CVE-2026-33298
Heap-Based Buffer Overflow in llama.cpp Allows Remote Code Execution
Publication date: 2026-03-24
Last updated on: 2026-04-30
Assigner: GitHub, Inc.
Description
Description
CVSS Scores
EPSS Scores
| Probability: | |
| Percentile: |
Meta Information
Affected Vendors & Products
| Vendor | Product | Version / Range |
|---|---|---|
| ggml | llama.cpp | to b7824 (exc) |
Helpful Resources
Exploitability
| CWE ID | Description |
|---|---|
| CWE-122 | A heap overflow condition is a buffer overflow, where the buffer that can be overwritten is allocated in the heap portion of memory, generally meaning that the buffer was allocated using a routine such as malloc(). |
| CWE-190 | The product performs a calculation that can produce an integer overflow or wraparound when the logic assumes that the resulting value will always be larger than the original value. This occurs when an integer value is incremented to a value that is too large to store in the associated representation. When this occurs, the value may become a very small or negative number. |
Attack-Flow Graph
AI Powered Q&A
Can you explain this vulnerability to me?
This vulnerability exists in the llama.cpp project, which is a C/C++ implementation for running large language models. The flaw is an integer overflow in the function `ggml_nbytes` that calculates the memory size needed for a tensor. By crafting a specially designed GGUF file with specific tensor dimensions, an attacker can cause this function to underestimate the required memory size significantly.

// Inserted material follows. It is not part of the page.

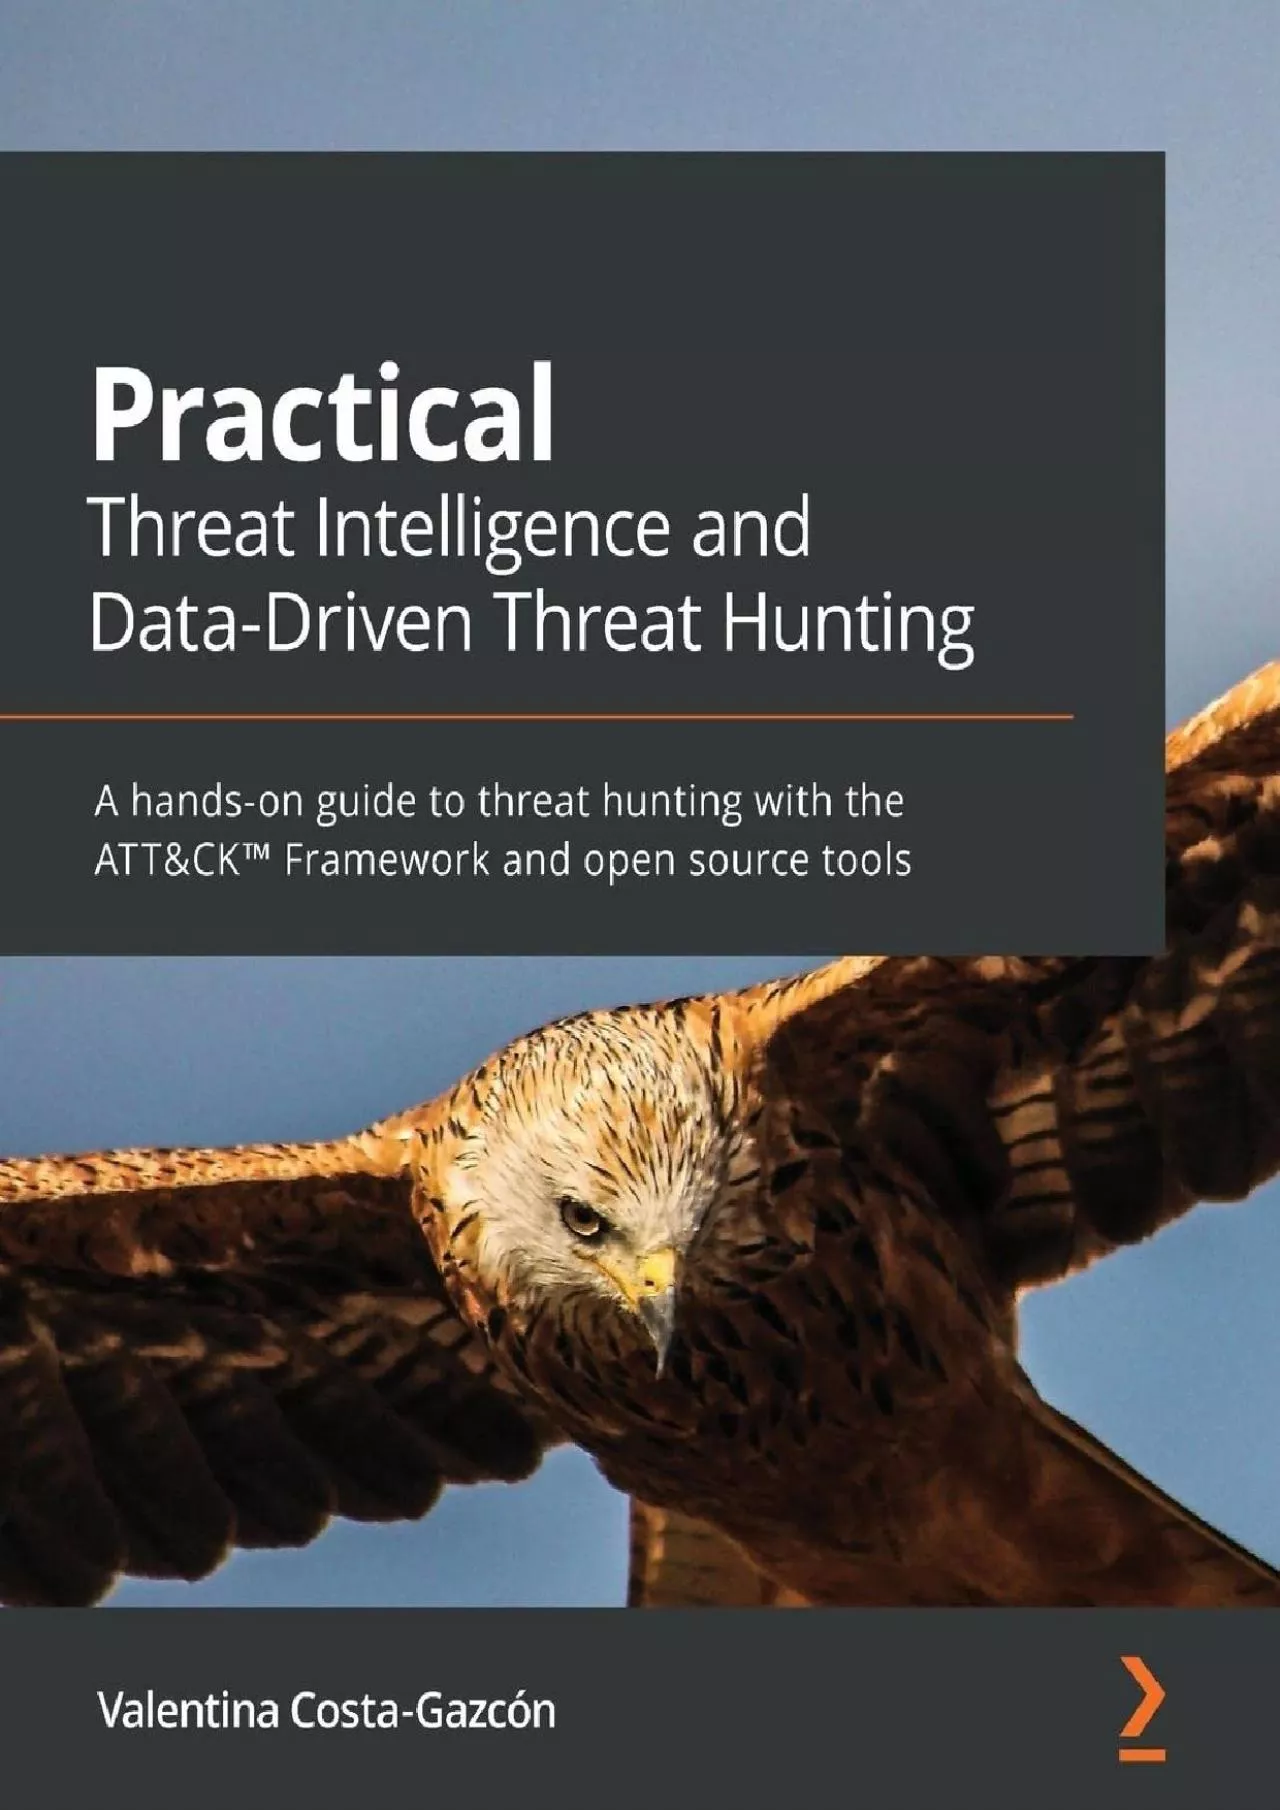 [DOWLOAD]-Practical Threat Intelligence and Data-Driven Threat Hunting: A hands-on guide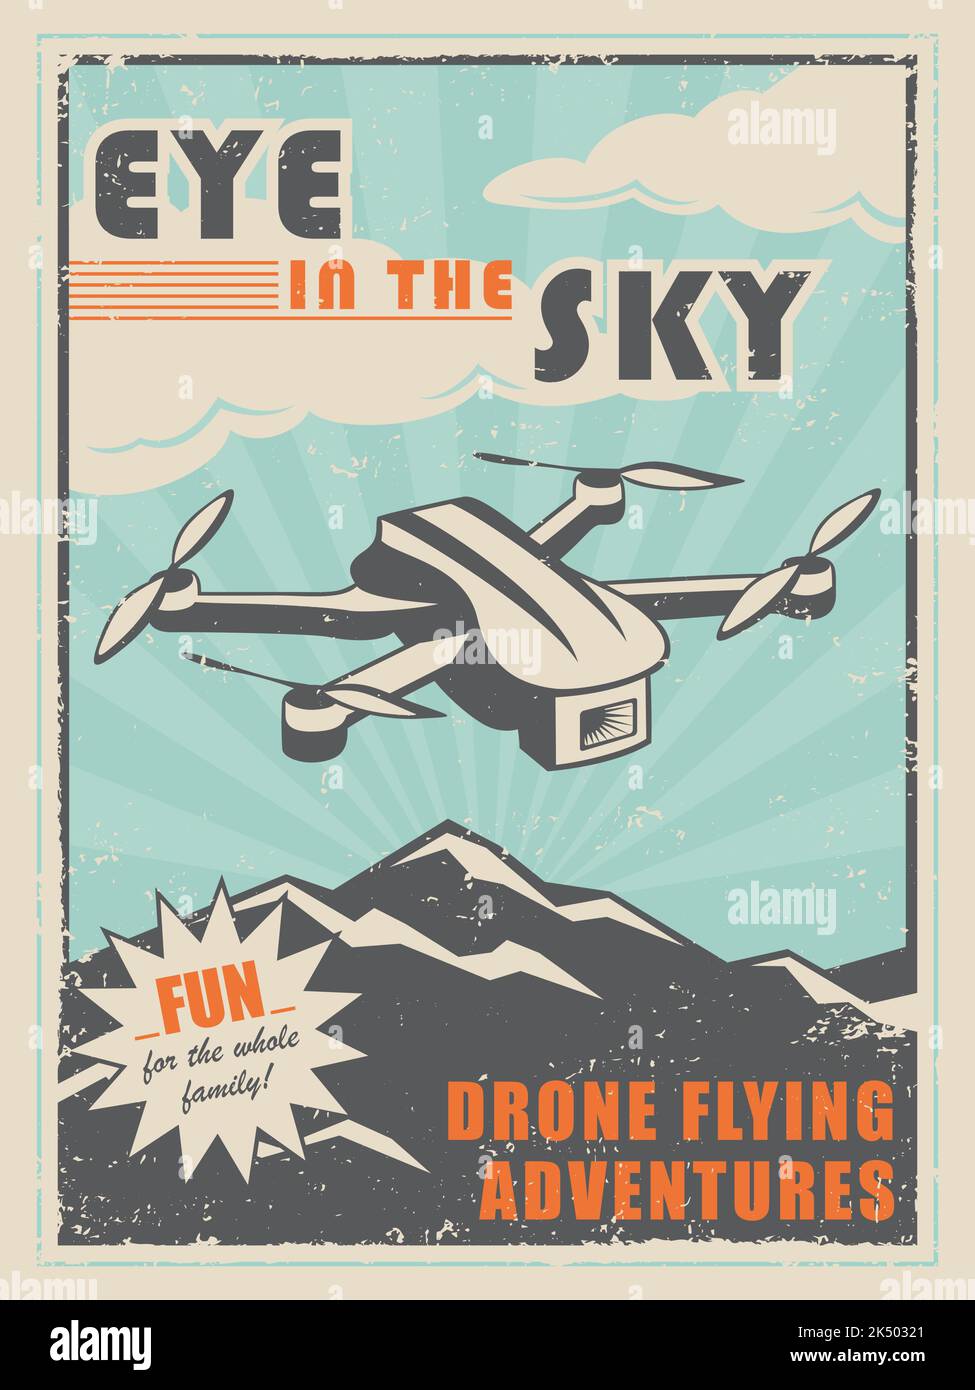 A vintage style poster advertisement for an electronic drone Stock Vector

Because the size is underestimated (for example, 4MB instead of exabytes), the program allocates a smaller buffer than needed. When the tensor is processed, this leads to a heap-based buffer overflow, which can corrupt memory.
This memory corruption can be exploited to achieve remote code execution (RCE) or cause denial of service (DoS). The vulnerability was fixed in commit b7824 by adding proper checks to prevent integer overflow and validate tensor sizes.
How can this vulnerability impact me? :
If you use llama.cpp to load GGUF model files, an attacker could craft a malicious GGUF file that triggers this vulnerability.
- Heap-based buffer overflow leading to memory corruption.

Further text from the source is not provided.